── Recorded information ──

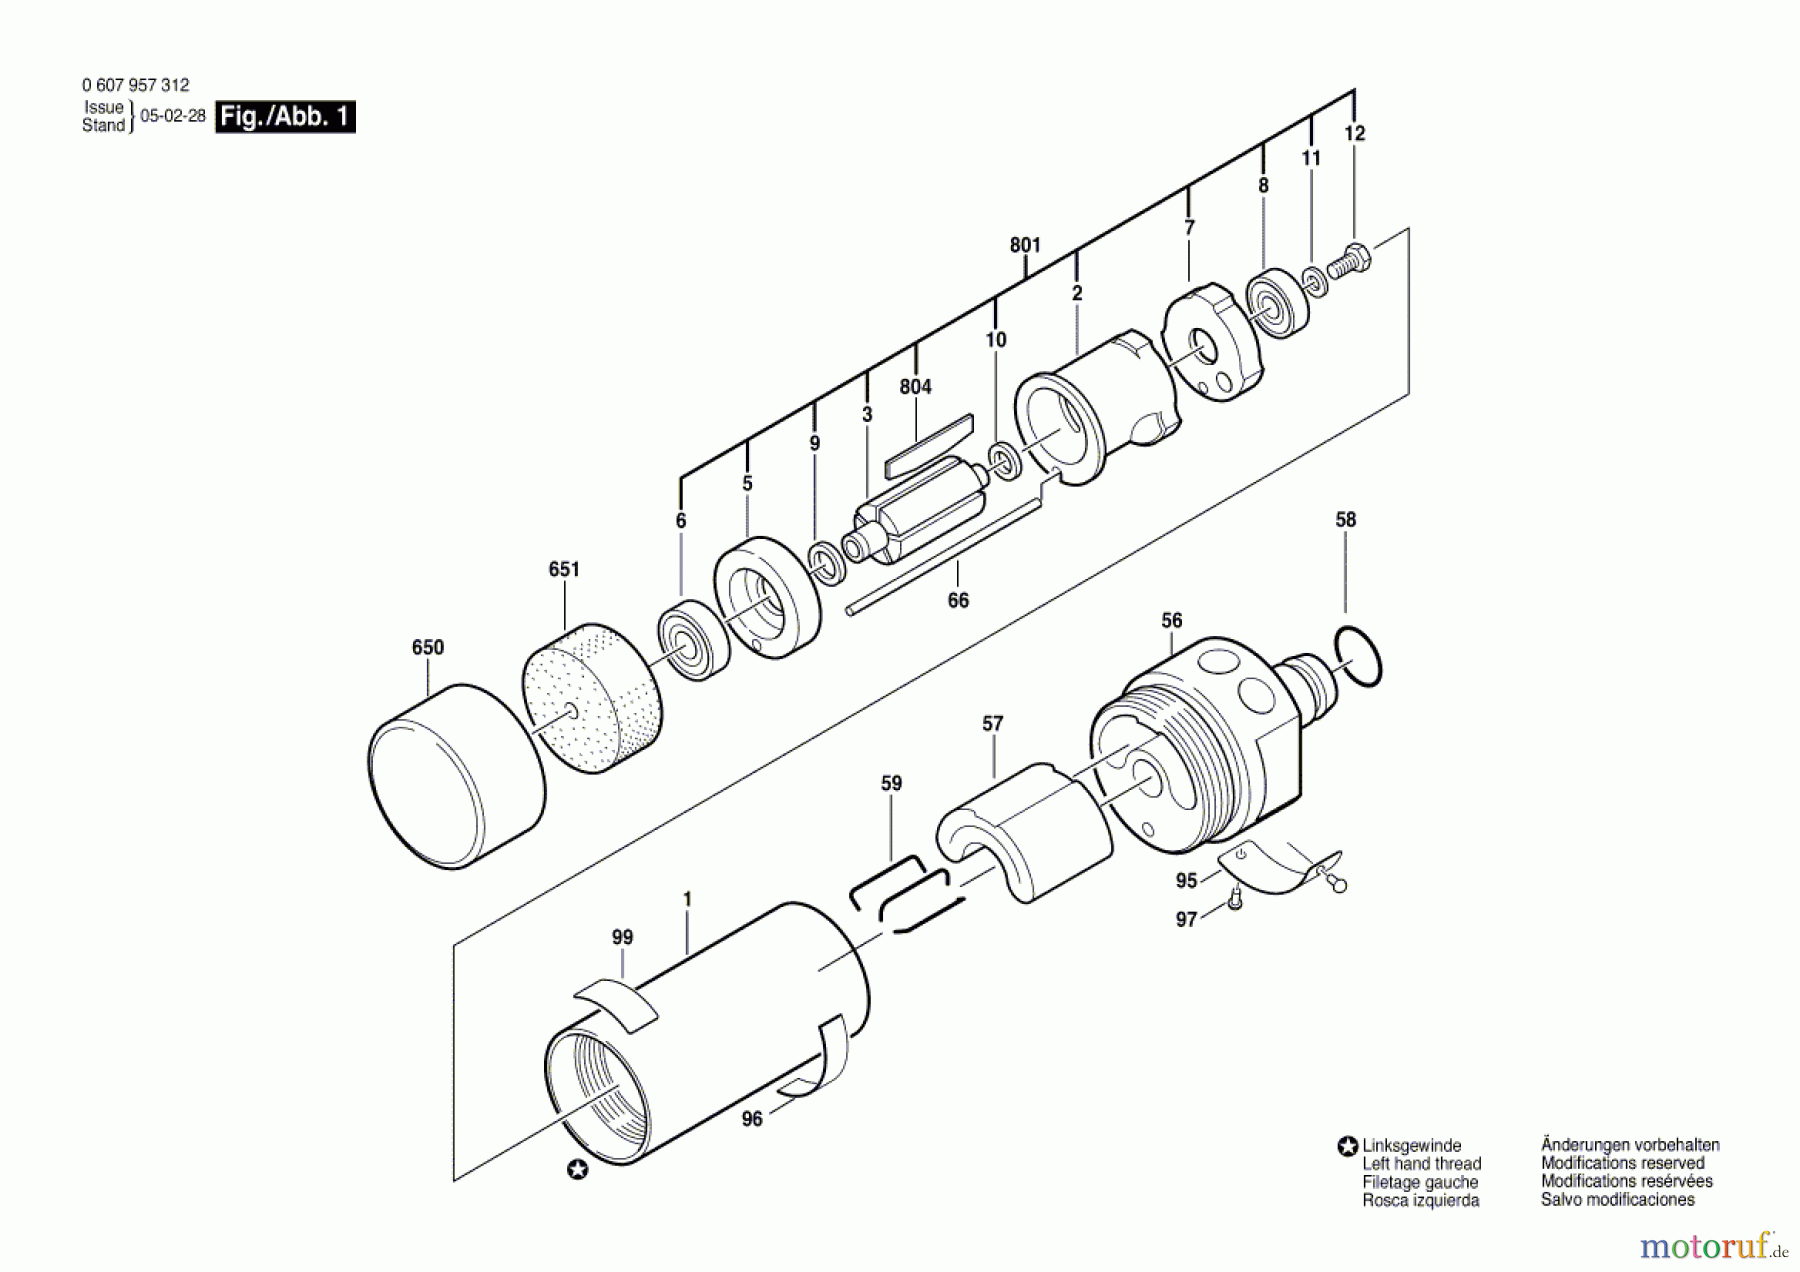  Bosch Werkzeug Einbaumotor 740 WATT-SERIE Seite 1
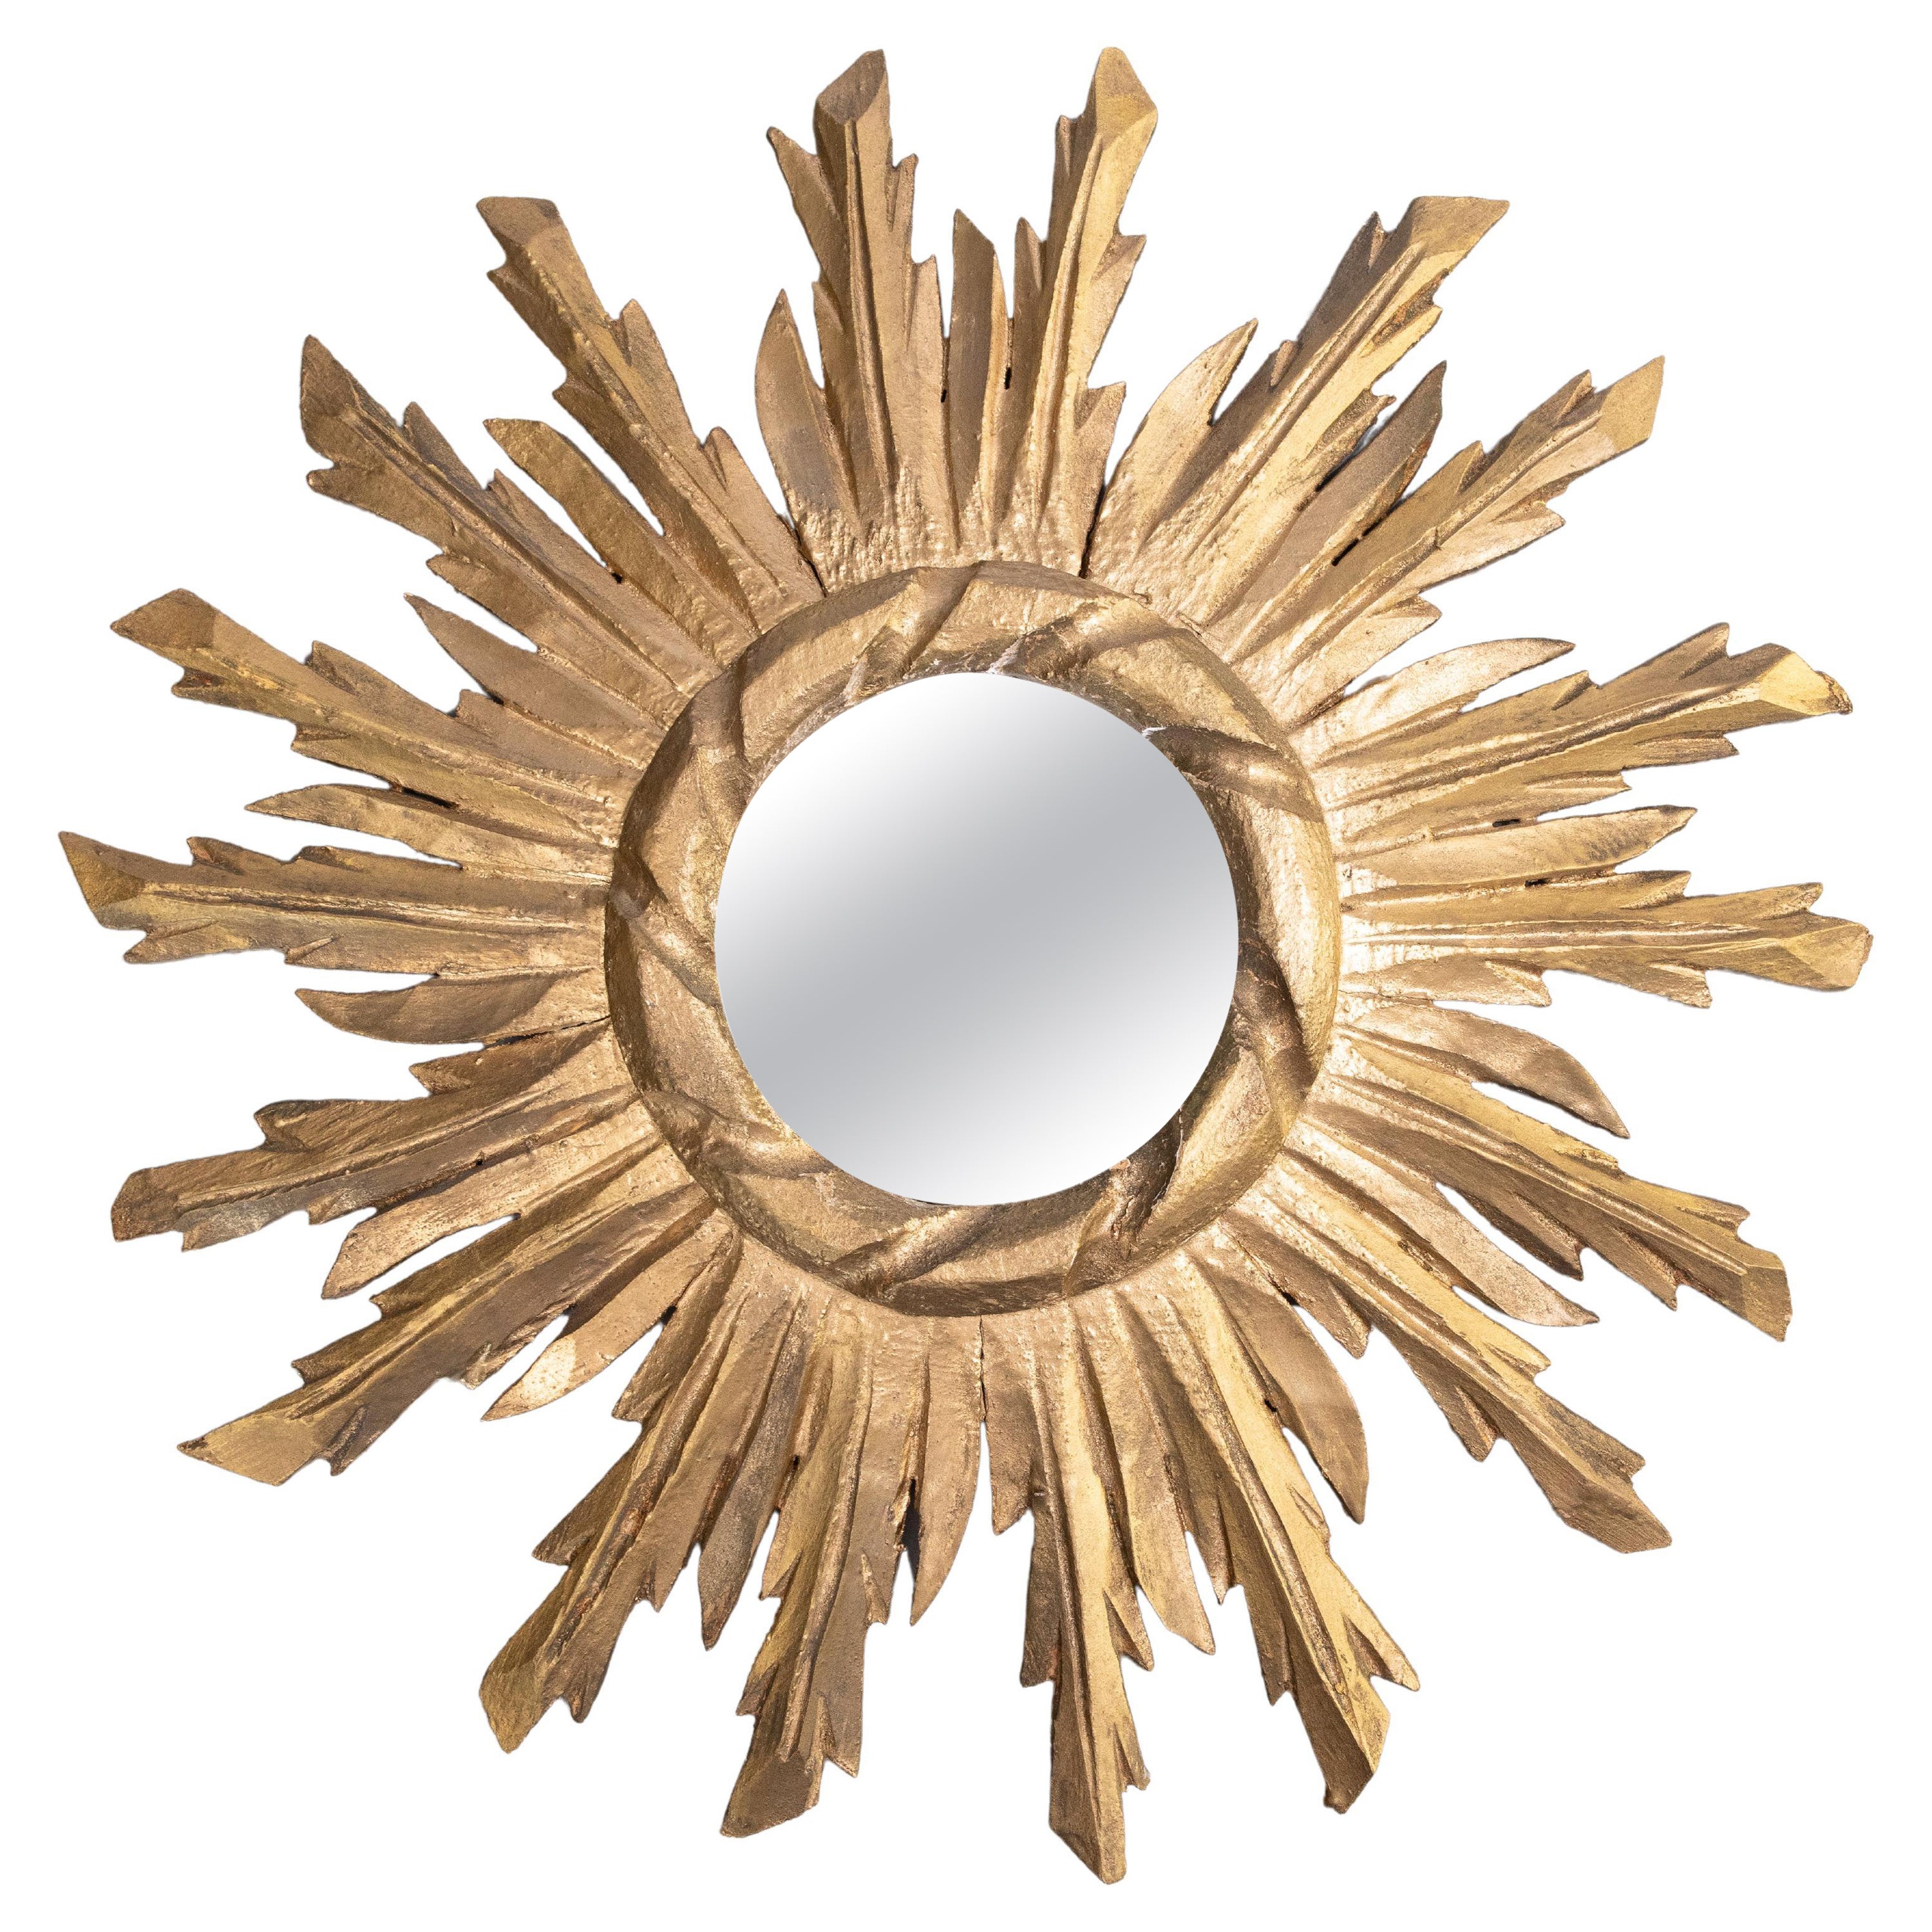 Miroir convexe en bois doré à rayons de soleil et étoiles, milieu du XXe siècle
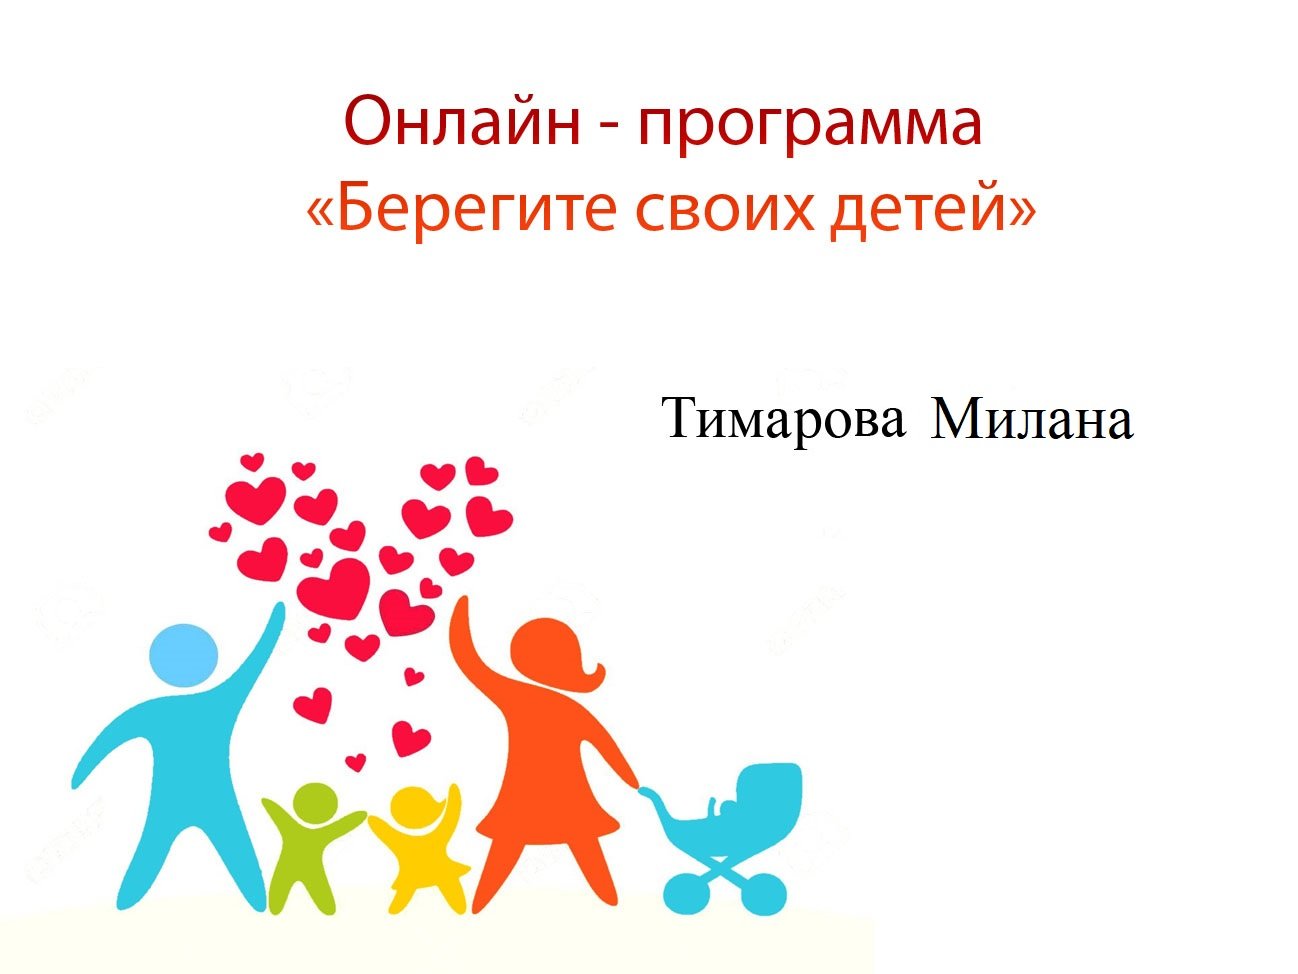 Тимарова Милана стих. "1 июня" - программа "Берегите своих детей"

───

### Your task
The answer is the whole listing retyped exactly, with pictures omitted.

### Your response
  Bosch Werkzeug Einbaumotor 740 WATT-SERIE Seite 1
 Miroir convexe en bois doré à rayons de soleil et étoiles, milieu du XXe siècle
 Тимарова Милана стих. "1 июня" - программа "Берегите своих детей"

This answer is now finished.